Excellent.
Though I might nitpick the introduction:
One of the main promises of asynchronous, parallel processing is that it can increase overal [overall] performance of your program.
Apart from the spelling error, this seems a bit vague to me.
We have concurrent processing
generally described as two or more processes start, run in an interleaved fashion through context switching.
We have parallel processing
where two or more processes actually run at the same time on different cores/machines.
Clearly concurrent processing will lower overall performance thanks to all that added context switching. Only parallel processing can add performance, by actually getting more hardware on the job.

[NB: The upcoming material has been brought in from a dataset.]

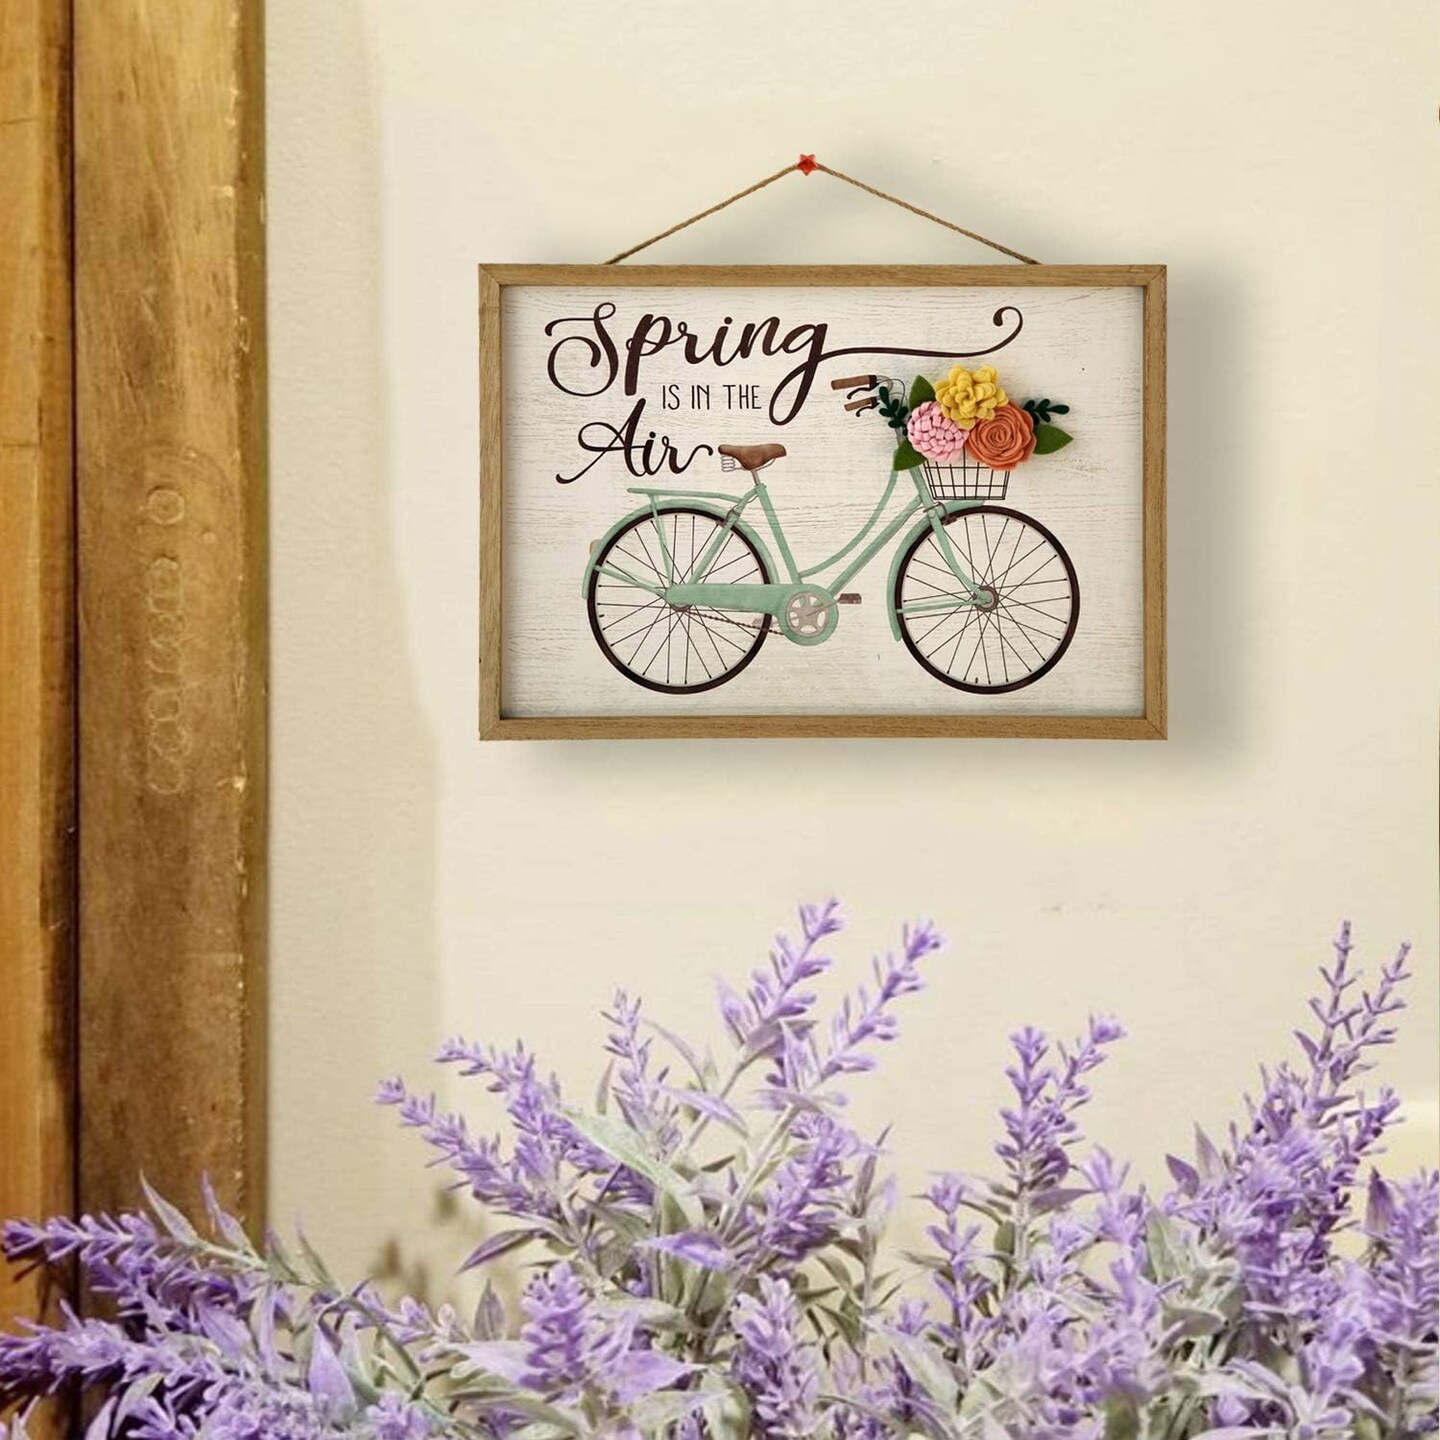 Spring Blooms 3D Flower Wall Decor

But it too suffers from the overheads of scheduling and communicating between tasks.
Then we have asynchronous programming
which is kind of orthogonal to either of the above and may make use of both.
The promise of asynchronous programming
then, in my view, is to claw back the resources and performance lost to having lots of task contexts and the resulting context switching.
As someone nicely put it "Synchronous processing is for when you have a lot of work to do, async is for when you have a lot of waiting to do"
The Rust Async Book notes:
It's important to remember that traditional threaded applications can be quite effective, and that Rust's small memory footprint and predictability mean that you can get far without ever using async
. The increased complexity of the asynchronous programming model isn't always worth it, and it's important to consider whether your application would be better served by using a simpler threaded model.
Having said all that....
I think the idea of an operating system on the Raspberry Pi, or pretty much anywhere, that supports non-blocking system calls and async programming throughout is an excellent idea.
Proof of the pudding, as it were, is the Espruino Javascript run-time for micro-controllers, which makes it dead easy to write simple code to respond to all kind of GPIO, timer, sensor, and other inputs all within the event-driven model that is Javascript.